Dahulukan sebelah kanan. Imam Muslim meriwayatkan dari Saidatina Aisyah : "Rasulullah suka sebelah kanan dalam segala keadaan, seperti memakai baju, berjalan kaki dan bersuci". Apabila memakai baju atau seumpamanya, dahulukan sebelah kanan dan apabila menanggalkannya, dahulukan sebelah kiri. Rasulullah SAW bersabda : "Apabila seseorang memakai baju, dahulukanlah sebelah kanan dan apabila menanggalkannya, dahulukanlah sebelah kiri supaya yang kanan menjadi yang pertama memakai baju dan yang terakhir menanggalkannya." (HR. Muslim).
Memakai pakaian baru. Apabila memakai pakaian yang baru dibeli, ucapkanlah seperti yang diriwayatkan oleh Abu Daud dan At-Tarmizi yang artinya : "Ya Allah, segala puji bagi-Mu, Engkau yang memakainya kepadaku, aku memohon kebaikannya dan kebaikan apa-apa yang dibuat baginya, aku mohon perlindungan kepada-Mu daripada kejahatannya dan kejahatan apa-apa yang diperbuat untuknya. Demikian itu telah datang daripada Rasulullah".
Berdo’a. Ketika menanggalkan pakaian, lafaz-kanlah: "Pujian kepada Allah yang mengurniakan pakaian ini untuk menutupi auratku dan dapat mengindahkan diri dalam kehidupanku, dengan nama Allah yang tiada Tuhan melainkan Dia."


AKHLAK BERHIAS
A  Pengertian
 Nabi menganjurkan agar wanita berhias.  Al Qur’an memang  tidak  merinci  jenis-jenis  perhiasan salah satu  yang  diperselisihkan para  ulama  adalah  emas  dan  sutera  sebagai  pakaian  atau perhiasan lelaki.
“ dan Dia-lah, Allah yang menundukkan lautan (untukmu), agar kamu dapat memakan daripadanya daging yang segar (ikan), dan kamu mengeluarkan dari lautan itu perhiasan yang kamu pakai; dan kamu melihat bahtera berlayar padanya, dan supaya kamu mencari (keuntungan Menurut Kamus Besar Bahasa Indonesia, berhias diartikan sebagai usaha memperelok diri dengan pakaian ataupun lainnya yang indah, berdandan dengan dandanan yang indah dan menarik.
 Berhias tidak dilarang dalam ajaran Islam,  karena  ia  adalah naluri  manusiawi , Adapun yang dilarang adalah tabarruj al-jahiliyah , yakni mencakup  segala  macam cara yang dapat menimbulkan rangsangan berahi kepada  selain  suami  istri.
Kata tabarruj terambil dari kata al buruj  yakni bangunan benteng atau istana yang menjulang tinggi. Jadi wanita yang bertabarruj adalah wanita yang menampakan tinggi-tinggi kecantikannya, sebagaimana benteng, istana atau menara yang menjulang tinggi, dan tentu saja menarik perhatian  orang-orang yang memandangnya.
Tabarruj ini mempunyai bentuk dan corak yang bermacam-macam dan sudah dikenal oleh orang-orang yang banyak sejak zaman dahulu  sampai sekarang, artinya tidak terbatas hanya sekedar berhias, berdandan, bermake up, memakai parfum dan sebagainya yang biasa dilakukan oleh wanita, bahkan lebih dari itu yaitu segala sesuatu  yang mencerminkan keindahan dan kecantikan sehingga penampilan dan  gaya seorang wanita menjadi memikat dan menarik dimata lawan jenisnya.

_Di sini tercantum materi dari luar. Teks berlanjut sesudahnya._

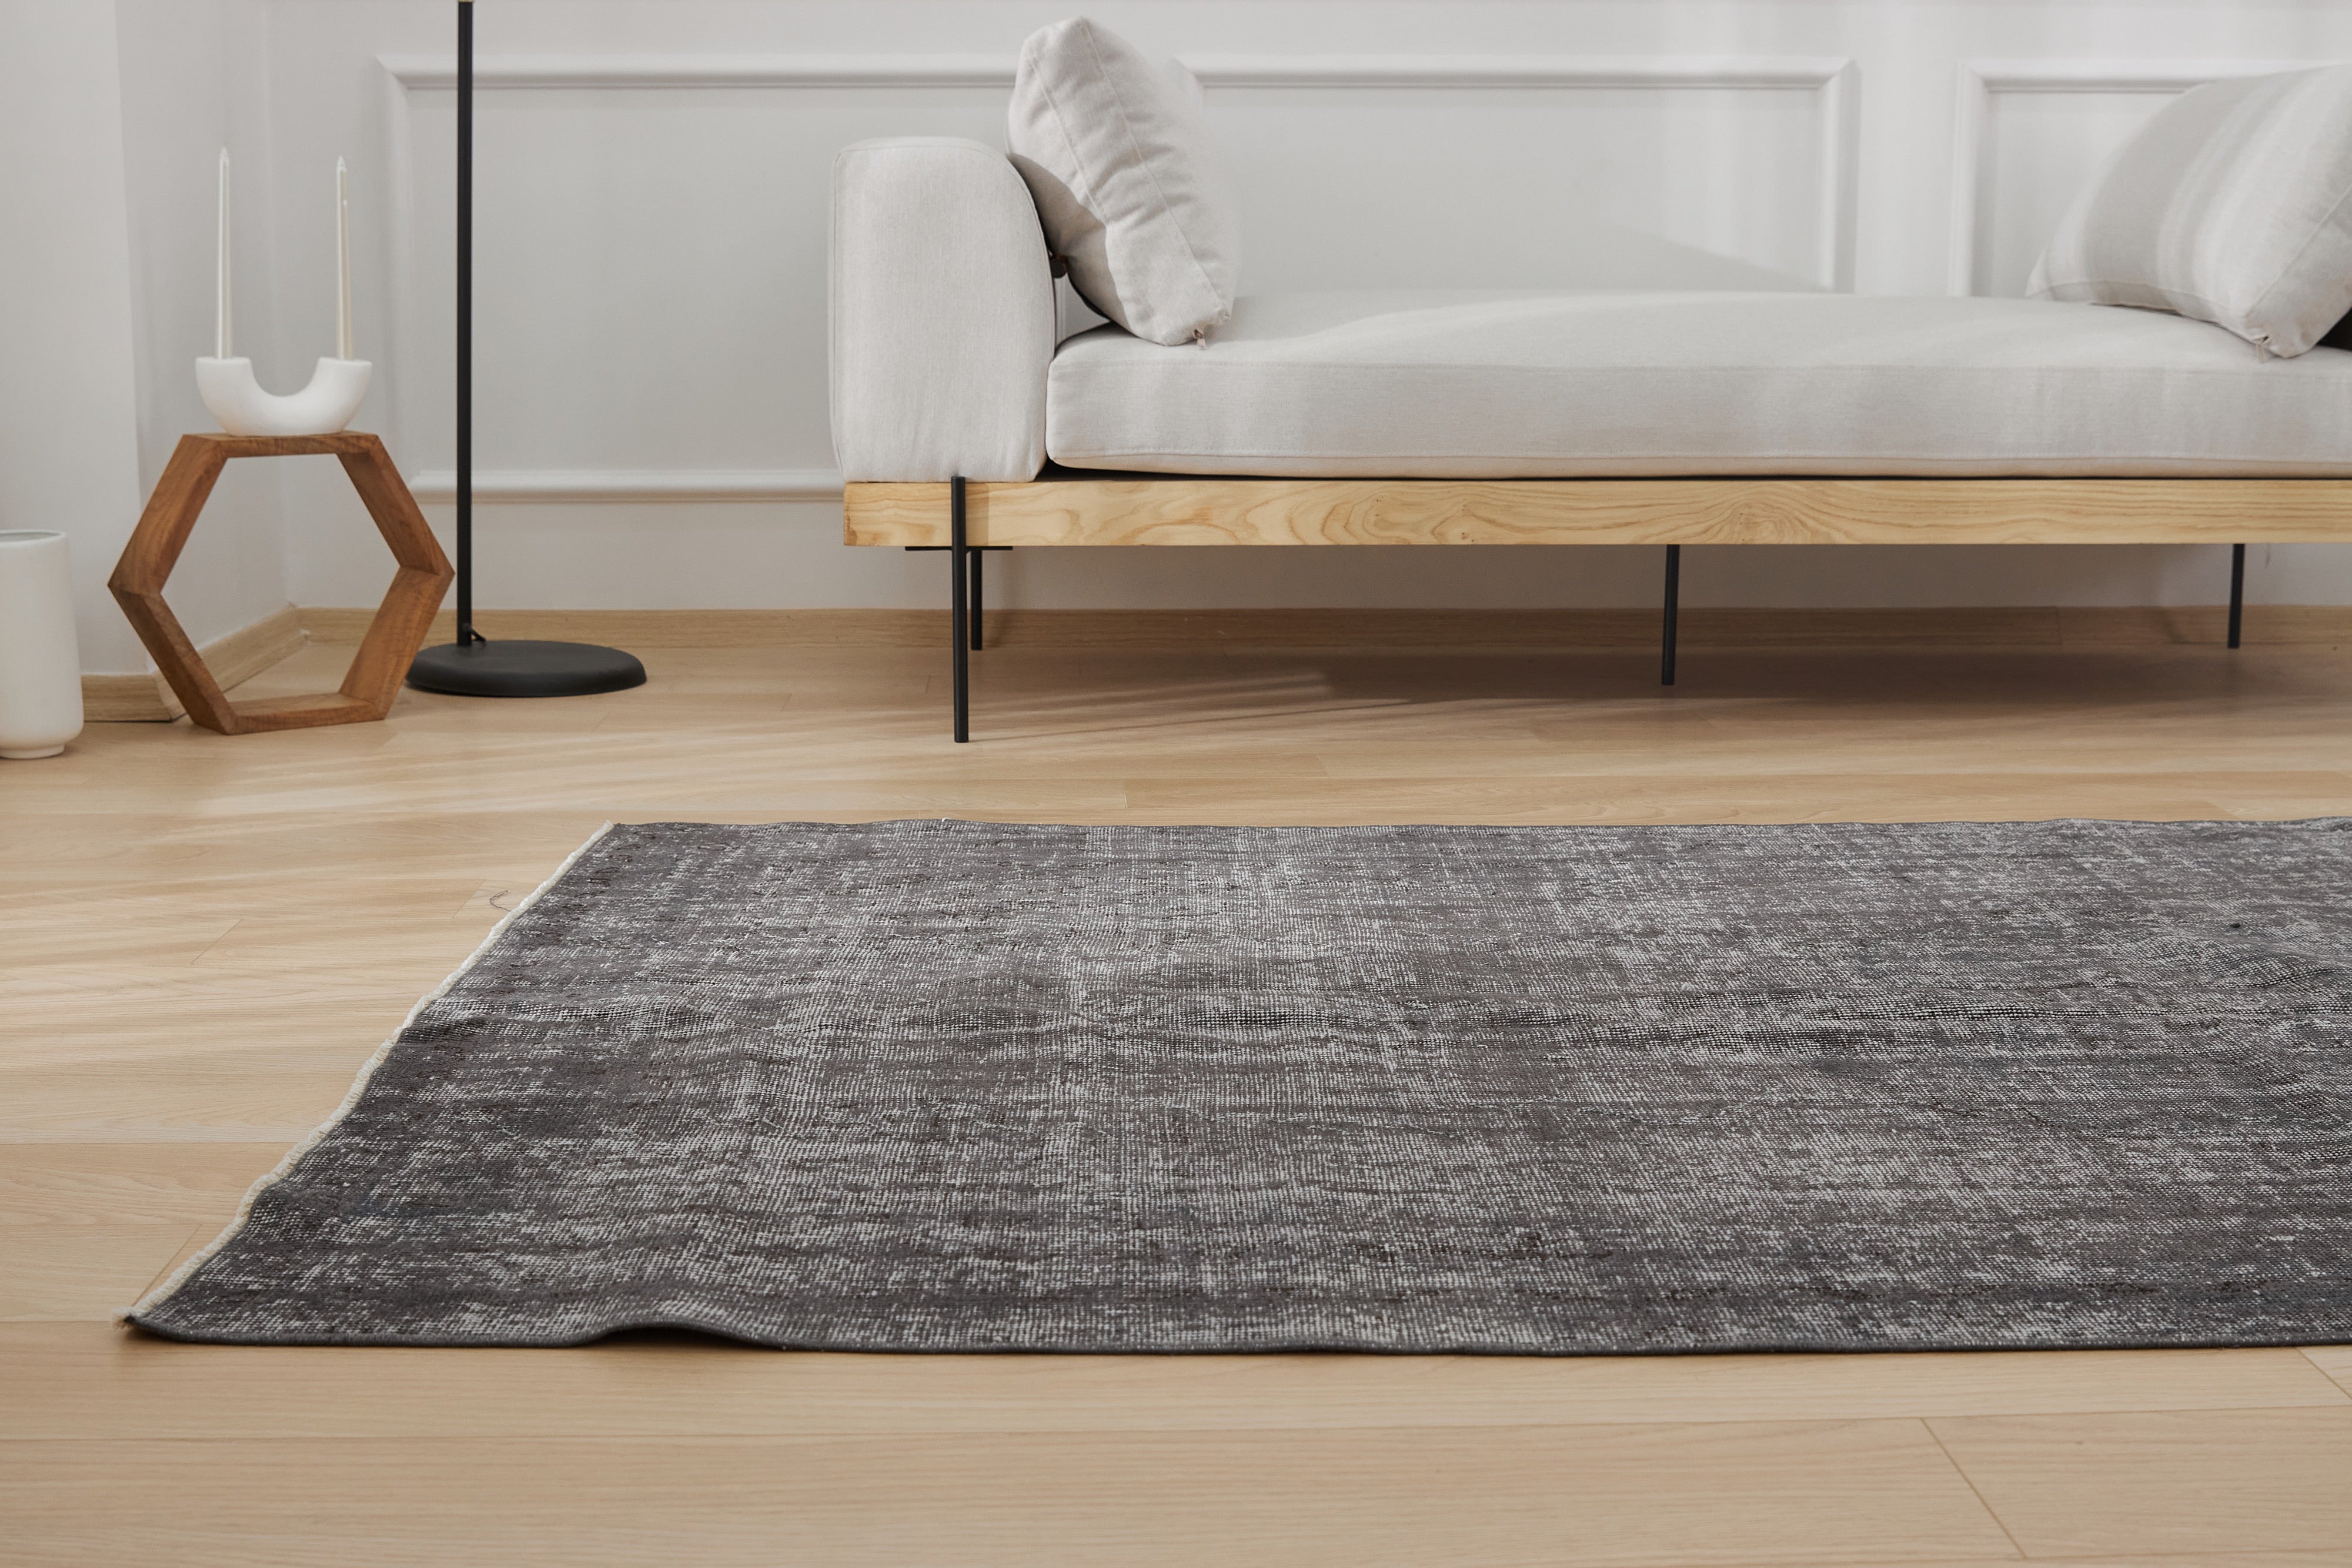 Sara's Essence | Authentic Turkish Rug | Hand-Knotted Carpet | Kuden Rugs

Al Qur’an mempersilakan perempuan berjalan di  hadapan  lelaki, tetapi  diingatkannya  agar  cara  berjalannya  jangan  sampai mengundang perhatian. Dalam bahasa Al Qur’an disebutkan: “…dan janganlah mereka memukulkan kakinya agar diketahui perhiasan yang mereka sembunyikan” (QS. An Nur : 31). Al Qur’an  tidak  melarang  seseorang  berbicara  atau  bertemu dengan  lawan  jenisnya,  tetapi  jangan  sampai sikap dan isi pembicaraan  mengundang  rangsangan  dan  godaan, demikian maksud firman Allah dalam QS. Al Ahzab : 32,
B. Macam-macam Berhias
Berhias merupakan kebutuhan manusia untuk menjaga dan mengaktualisasikan dirinya menurut tunutan perkembangan zaman. Nilai keindahan dan kekhasan dalam berhias menjadi tuntutan yang terus dikembangkan seiring dengan perkembangan zaman. Dalam kaitannya dengan kegiatan berhias atau berhias atau berdandan, maka setiap manusia memiliki kebebasan untuk mengekspresikan keinginan mengembangkan berbagai mode menurut fungsi dan momentumnya, sehingga berhias dapat menyatakan identitas diri seseorang.
Dalam Islam diperintahkan untuk berhias yang baik, bagus, dan indah sesuai dengan kemampuan masing-masing. Terutama apabila kita akan melakukan ibadah shalat maka seyogyanya perhiasan yang kita pakai itu haruslah baik, bersih dan indah (bukan berarti mewah), karena mewah itu sudah memasuki wilayah berlebihan. Hal ini sesuai firman Allah dalam QS. Al A’raf : 31,”Hai anak Adam, pakailah pakaianmu yang indah di setiap (memasuki) mesjid, makan dan minumlah, dan janganlah berlebih-lebihan. Sesungguhnya Allah tidak menyukai orang-orang yang berlebih-lebihan.”
Tetapi pada ayat lain, berhias harus memenuhi tuntunan agama, yakni tidak mengikuti kemauan nafsu, QS. Al Ahzab : 33“ dan hendaklah kamu tetap di rumahmu dan janganlah kamu berhias dan bertingkah laku seperti orang-orang Jahiliyah yang dahulu dan dirikanlah shalat, tunaikanlah zakat dan taatilah Allah dan Rasul-Nya. Sesungguhnya Allah bermaksud hendak menghilangkan dosa dari kamu, Hai ahlul bait dan membersihkan kamu sebersih-bersihnya.”


a.Jilbab
 adalah Salah satu jenis pakaian yang dapat menutup salah satu aurat wanita yaitu Jilbab. Jilbab beragam jenisnya, tetapi walaupun banyak ragamnya dan menjadi hiasan diri pemakaianya disamping dapat menutup aurat, dari atas kepala manusia sampai dengan dada manusia.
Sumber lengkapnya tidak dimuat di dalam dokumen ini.